'The Mountains Are Sliding Down'

Tania Branigan reports from Hanwang, a temporary haven for thousands of survivors of China's devastating earthquake
They came down from the mountains in their scores, seeking food and shelter for themselves and help for those they had to leave behind.

Hours of scrambling over rocky terrain had brought them to the precarious safety of Hanwang.

Perhaps half the buildings here have collapsed; those still standing hang at crazy, alarming angles. Hundreds, probably thousands, of residents are buried, almost certainly dead.

Hundreds more are encamped in open spaces but, to those who came across the mountains from Qingping, it was at least a temporary haven.

People had driven from nearby towns to deliver medicine and water.

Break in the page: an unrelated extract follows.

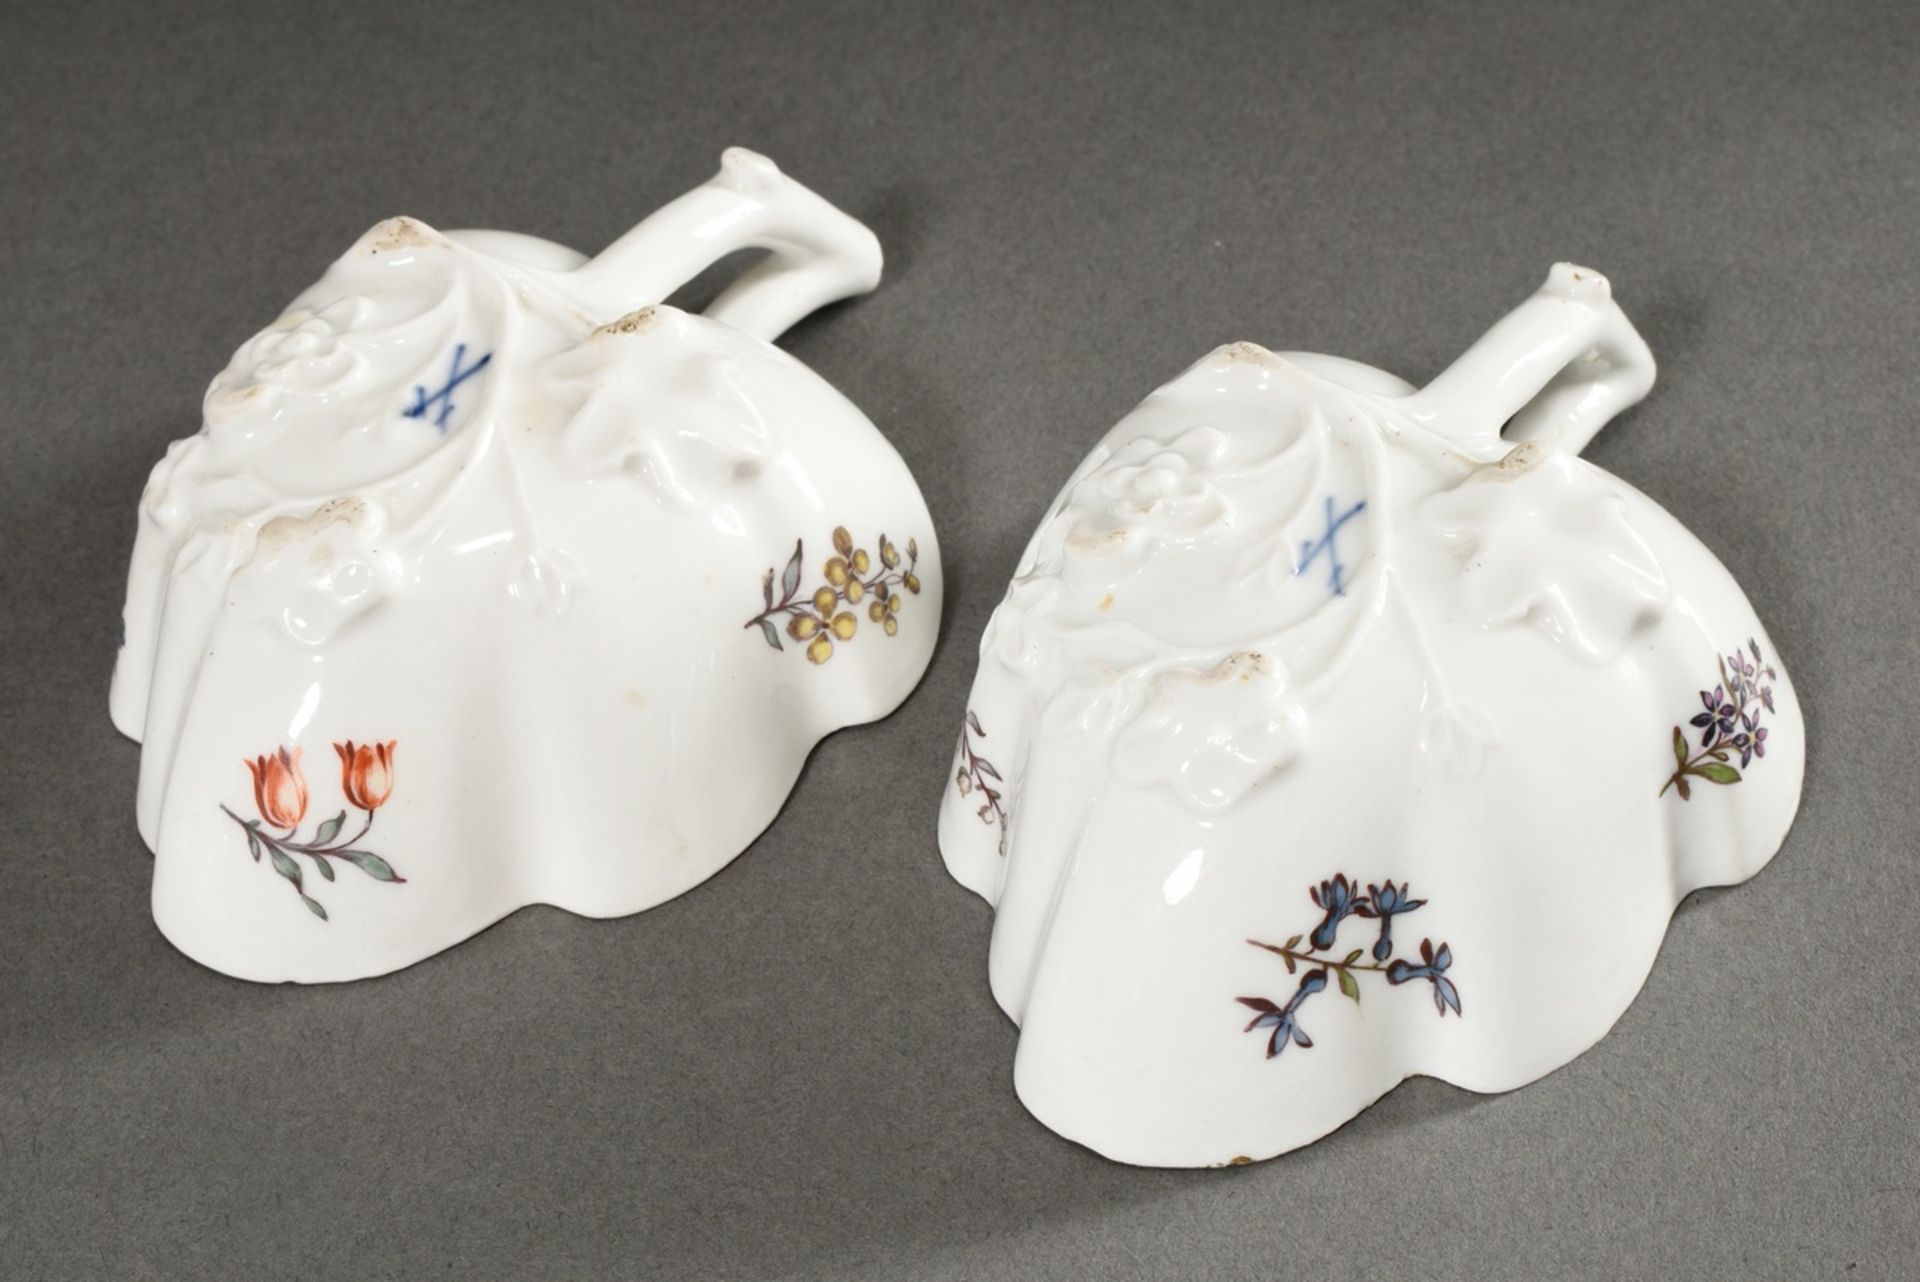 4 Pieces Meissen with polychrome "woodcut flowers" painting, 18th c.: 2 leaf bowls (12x9cm, 1x rest - Image 7 of 7

Soldiers dished up food to rescuers and survivors alike, and Chinese Red Cross tents sheltered victims in the town square.

Tang Xinfen threw herself in the dust, weeping as she pleaded with someone, anyone, to airlift medicine to survivors still trapped in Qingping by the mountains which surround it. She had tramped for six hours to find aid.

"Please, use helicopters to bring medicine in. The roads are blocked [by landslides] and nobody can get there," she said. "People are dying every hour."

Almost every house on her street had crashed down within 10 or 20 seconds of the shock, she explained.

People were thrown out of their homes and onto the road by the force of the quake. But Tang insisted thousands could be saved if only aid reached them in time.

"Some people are still alive, but they are badly injured and they need medical care," she said. "Because the weather is warm, their wounds are becoming infected."

Hundreds of rescuers were struggling to reach the area, but only 10 had made it when Tang's party of survivors left at dawn today.

A helicopter drop of water and food had proved fruitless: the bottles and packages broke and spilled open as they hit the ground.

"People couldn't get out with us because they were kids or too old," Shi Yunfang said. Her husband, Tang's brother, was missing.

"Others who are young and strong stayed to take care of them. But there is no completely safe place inside Qingping - the mountains are sliding down."

Their neighbor Zhou Yuan said earth and debris had dammed the river in the town, increasing the risk of flooding and further slippage.

As many as 2,000 workers were unable to escape from a phosphorus mine there, she added.

"As we left, along the road, there were people trapped in cars crying for help. We had no way to get them out - all we could do was give them our food and water," she said.

Tang feared they were not much safer in Hanwang.

"We at least need to get to Deyang city [40km away], because there is a risk of flooding and landslides. It's not safe here," she said.

Many had already left, fleeing to safer parts of Mianzhu city, or had traveled further down to the road to Chengdu, Sichuan's capital.

In the late afternoon, a faint shudder and muffled rumble sent panic coursing through the crowds in the main square.

Within minutes, the tarmac was jammed with vehicles. Small cars were crammed with seven or eight passengers as others huddled in the back of pick-up trucks.

But many had no means of transport, and some refused to go. As soldiers and firefighters combed the wreckage of two schools, factories and scores of shops and apartment buildings, they waited for their loved ones.

"We can't do anything, but don't want to leave," Zhang Shunyu said as she stood by the single-story remains of what had been a five-story block.

Her 20-year-old daughter was buried under four floors of rubble.

Further on, a man waited patiently as rescuers combed what was left of Hanwang County Central primary school.

The whimpers rescue workers had heard from the rubble had fallen silent overnight. Behind him, bodies lay sheathed in plastic on the concrete ping pong tables in the playground.

"I came here minutes after the quake, but my daughter was already dead," he said. "I could see her body, but they still haven't got it out.

"My wife's parents died when the hospital collapsed, and mine have gone to Deyang. But my wife and I are staying until we have our little girl. I have a coffin ready for her. I want to bury my daughter."